▶ WORK ORDER: Set down the data below exactly; pictures stay out.
====== COLLECTED DATA
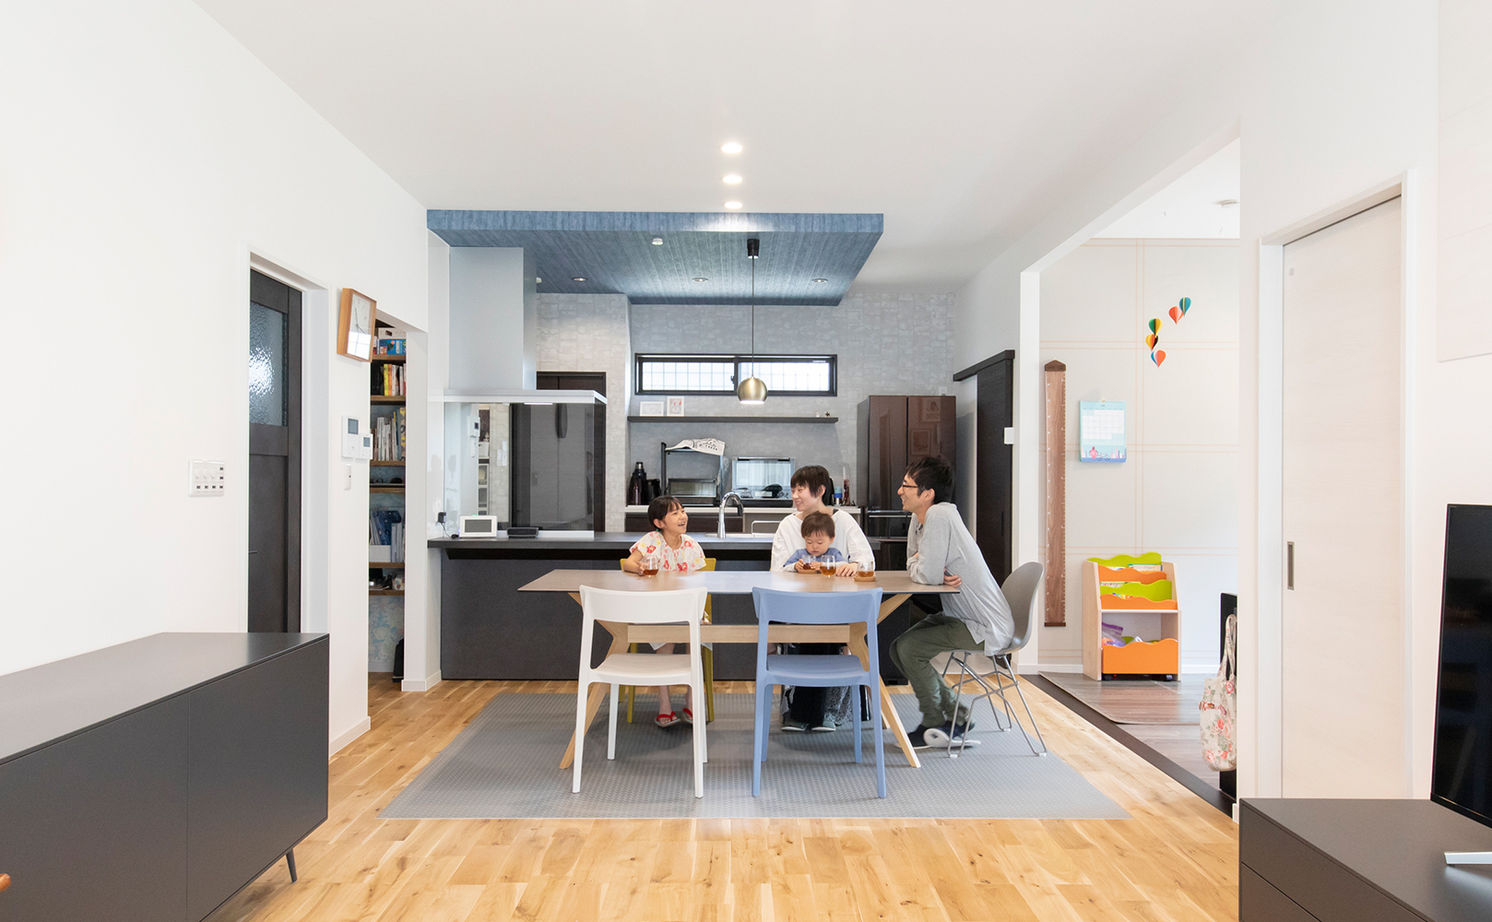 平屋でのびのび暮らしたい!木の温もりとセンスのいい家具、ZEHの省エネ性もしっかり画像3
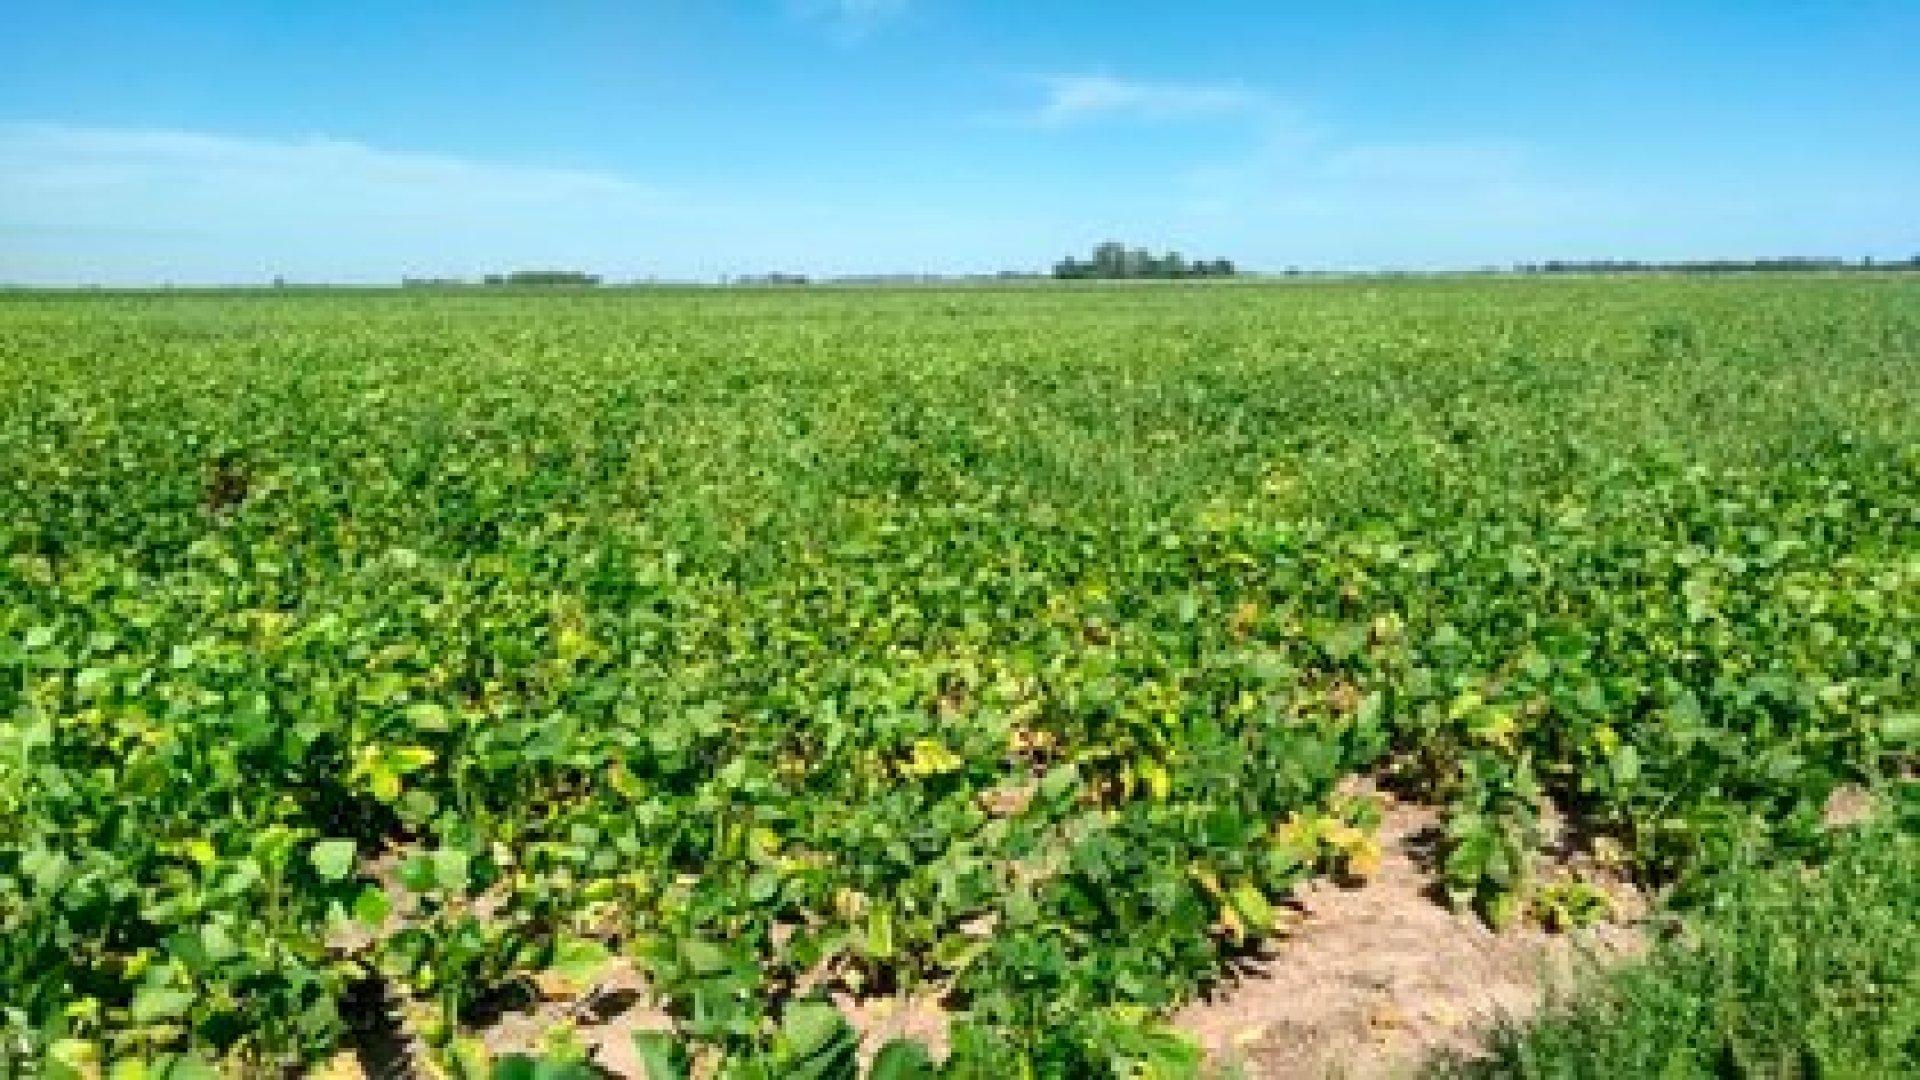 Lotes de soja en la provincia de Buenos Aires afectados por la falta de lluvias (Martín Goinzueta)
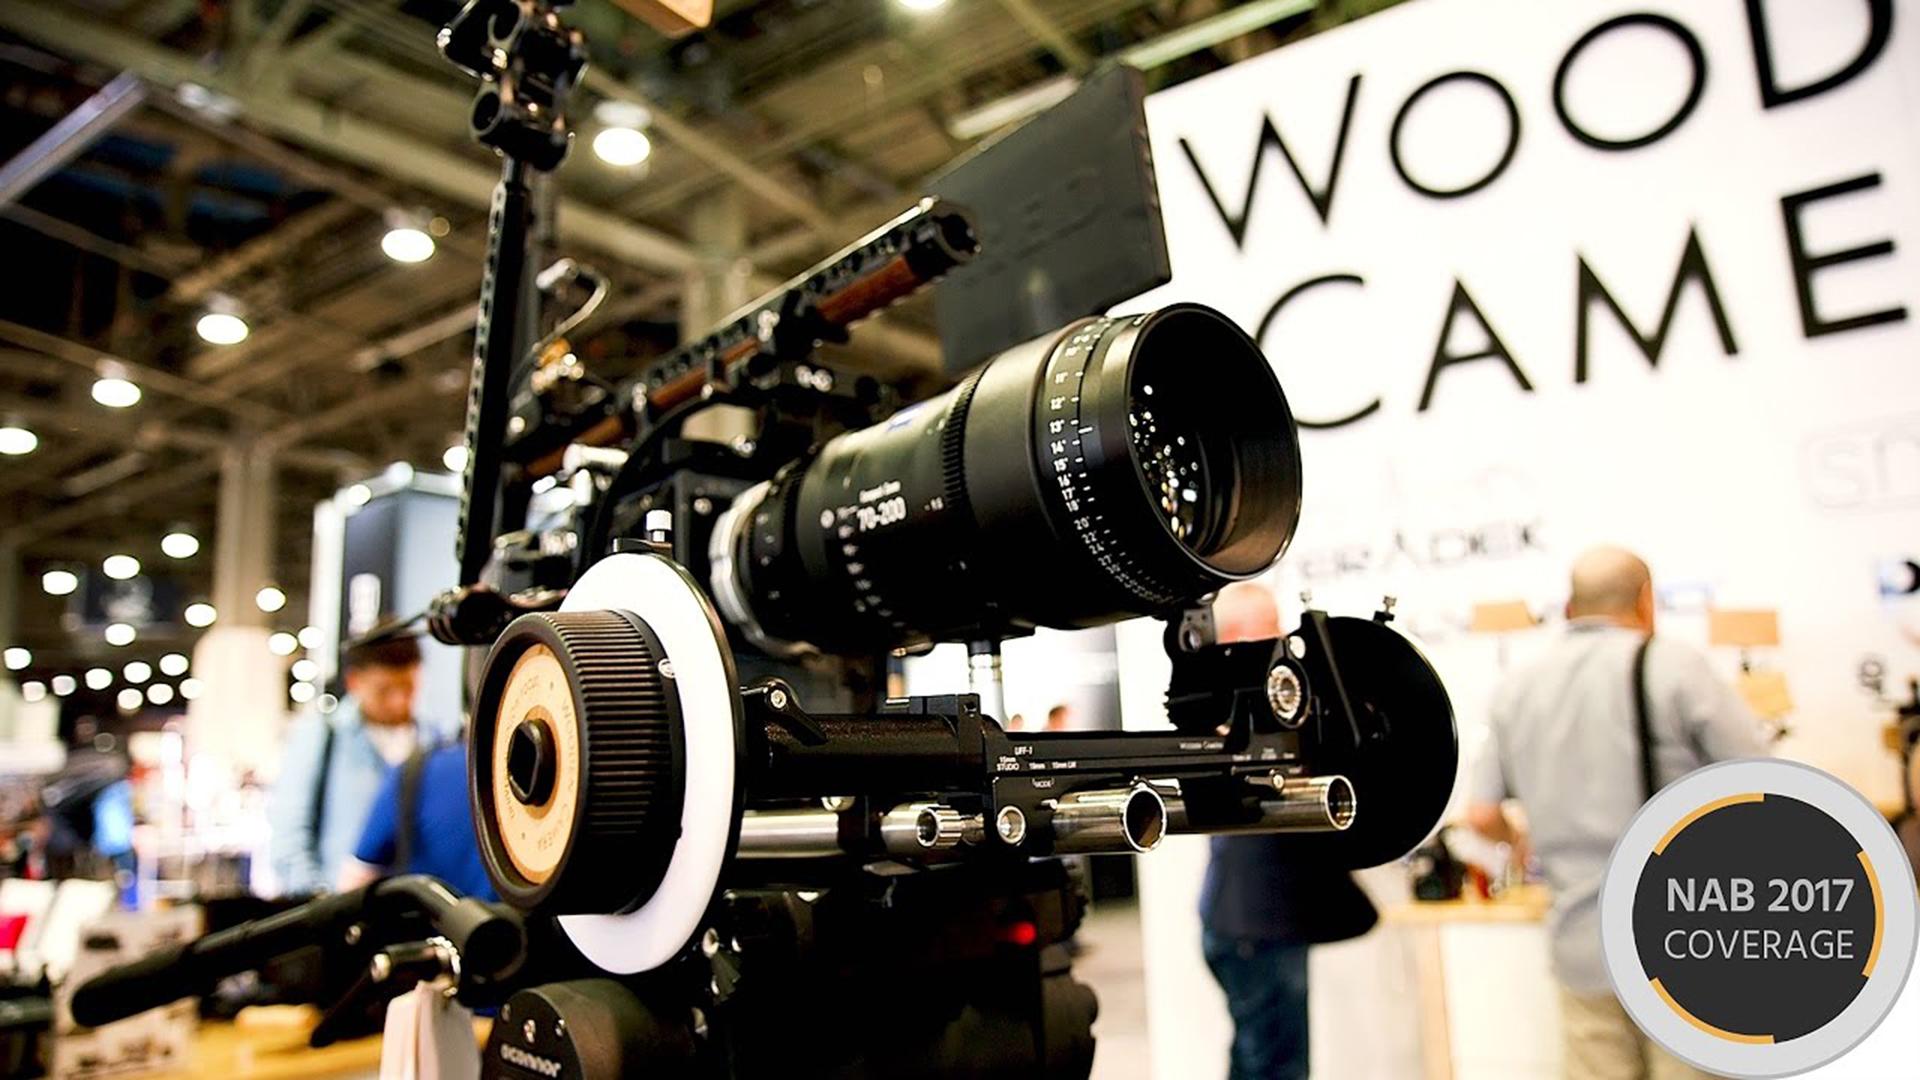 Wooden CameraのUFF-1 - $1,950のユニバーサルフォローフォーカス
============
▶ RESPONSE TO THIS TASK:
 平屋でのびのび暮らしたい!木の温もりとセンスのいい家具、ZEHの省エネ性もしっかり画像3
 Lotes de soja en la provincia de Buenos Aires afectados por la falta de lluvias (Martín Goinzueta)
 Wooden CameraのUFF-1 - $1,950のユニバーサルフォローフォーカス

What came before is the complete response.